Cass is sleeping with her professor. Not because of animal attraction. Or her GPA. Not because she admires his mind. But because he doesn’t care about her chainsaw arm.
He never mentions it, in fact, whereas it’s all some people want to talk about. The dude she dated before pointed it out whenever he introduced her — This is my girl Cass, look at how sick her arm is — as if anyone could miss it. And her first boyfriend was so obsessed with it he couldn’t get off unless she held it to his throat.
But Cass and her professor have unremarkable sex. The only seedy part is the motel room where it takes place. With a relentless smell of sewer gas. And a busted L in the WELCOME sign in the parking lot, so that it spells out WE COME with not a drop of irony. Sometimes before they have their boring sex, he undoes her top and stares at her tits. They sit under the hospital green lighting of the old TV set. The occasional static wave rolling shadows across the blemished walls and their semi-clothed bodies. And he admires her. Every curve, every imperfection, every story in her scars. He glides his fingers between her ribs. Twirls her brown curls. Demarcates the halves of her body from forehead to belly, his pointer finger as the pen.

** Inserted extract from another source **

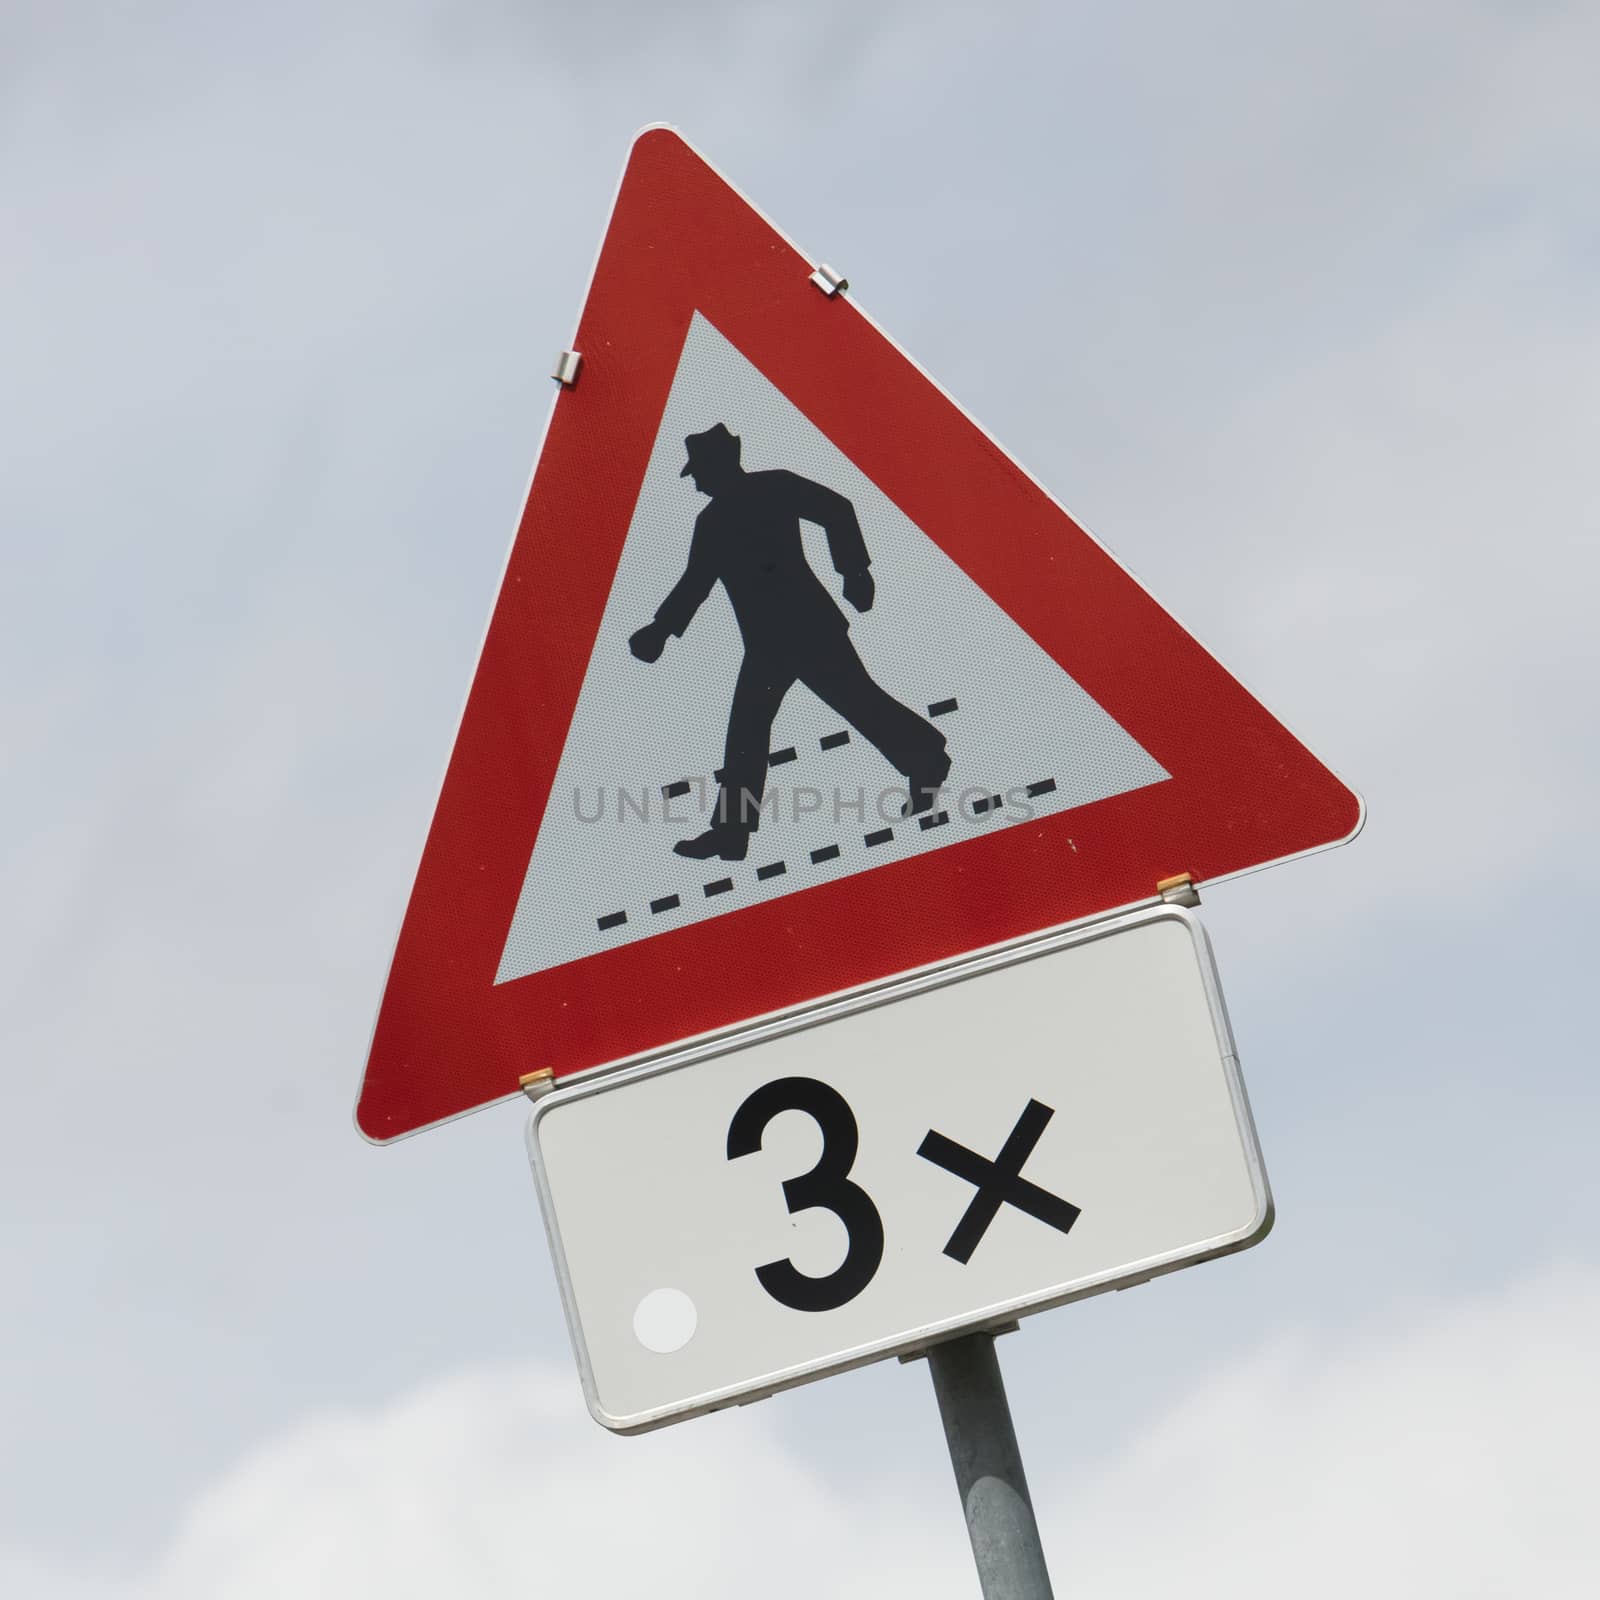 Pedestrians warning sign by michaklootwijk

The whole time the professor explores her, he behaves like the chainsaw arm doesn’t exist, and sometimes she kind of wishes he’d touch it. Run his fingers along its teeth. Maybe even prick a pinkie and suck the blood. Or better yet, give her a taste. She wishes he’d lay upon it the same sorts of affections that he does her lower lip. The space between her shoulder blades. The cradle of her pelvis. Or maybe even give it a pet name that he could whisper in her ear, causing the little lightning bolt between her legs.

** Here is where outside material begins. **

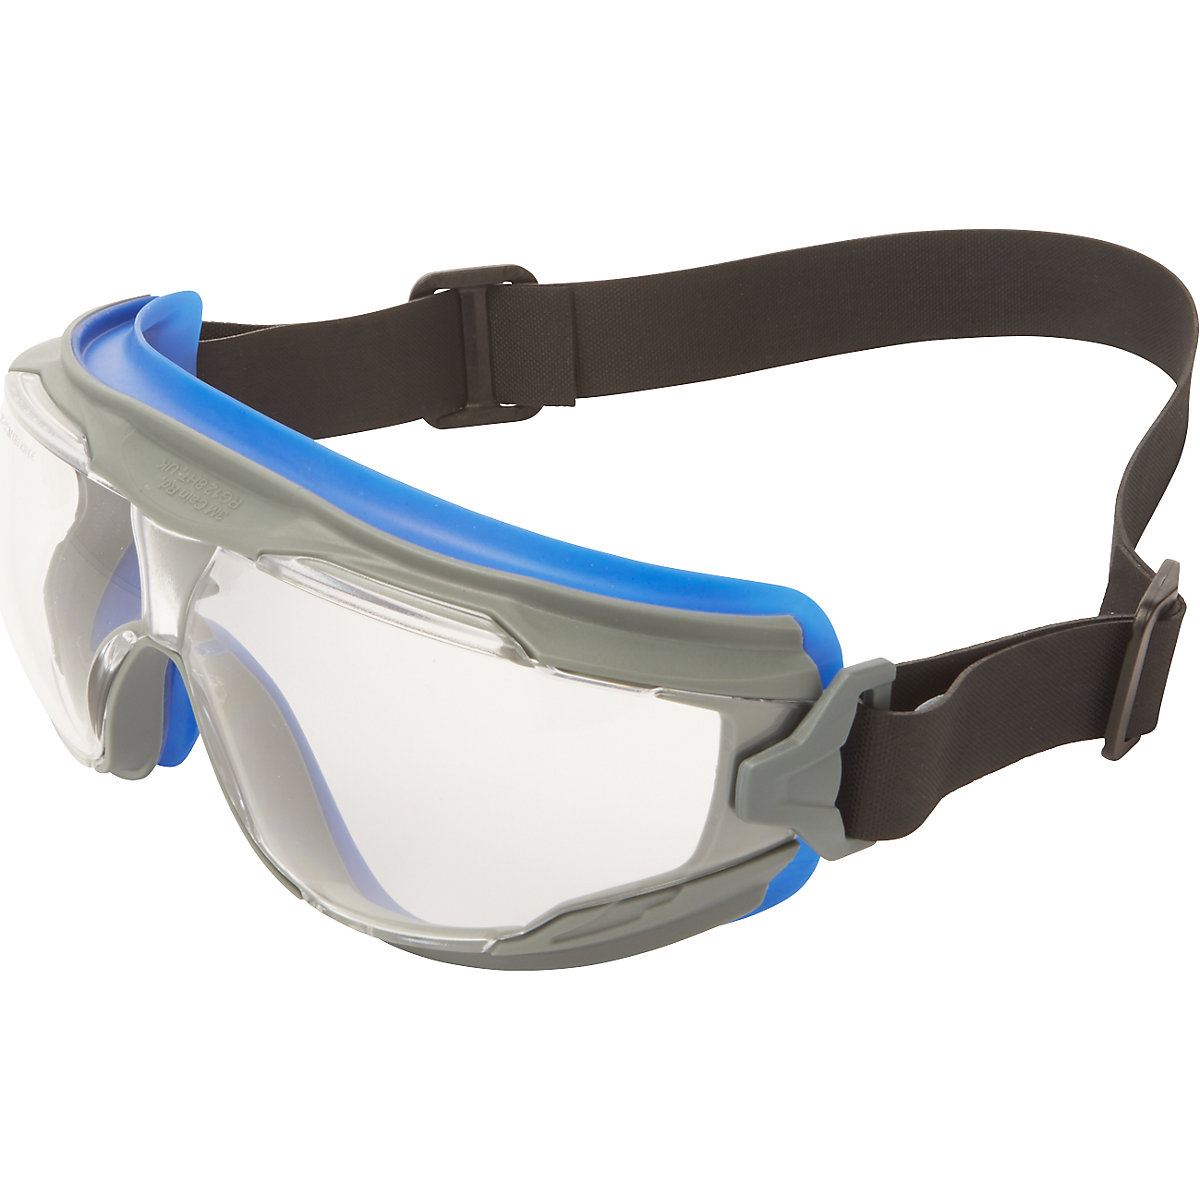 3M Vollsichtbrille Goggle Gear 500, blauer Rahmen, klar

But what would she even do if that day came, she wonders. She’d probably tell him she loved him. Say something corny like, take me away from this place. Or she might sever a part of his body — an arm or a leg — so that she could make something special. A lamp or a bedside table or a paper weight. Something that she could remember him by. And when people ask her where she bought it, she can respond with a vague answer and even vaguer smile. One that would leave them guessing. Wondering. Suspecting. But this time about something else.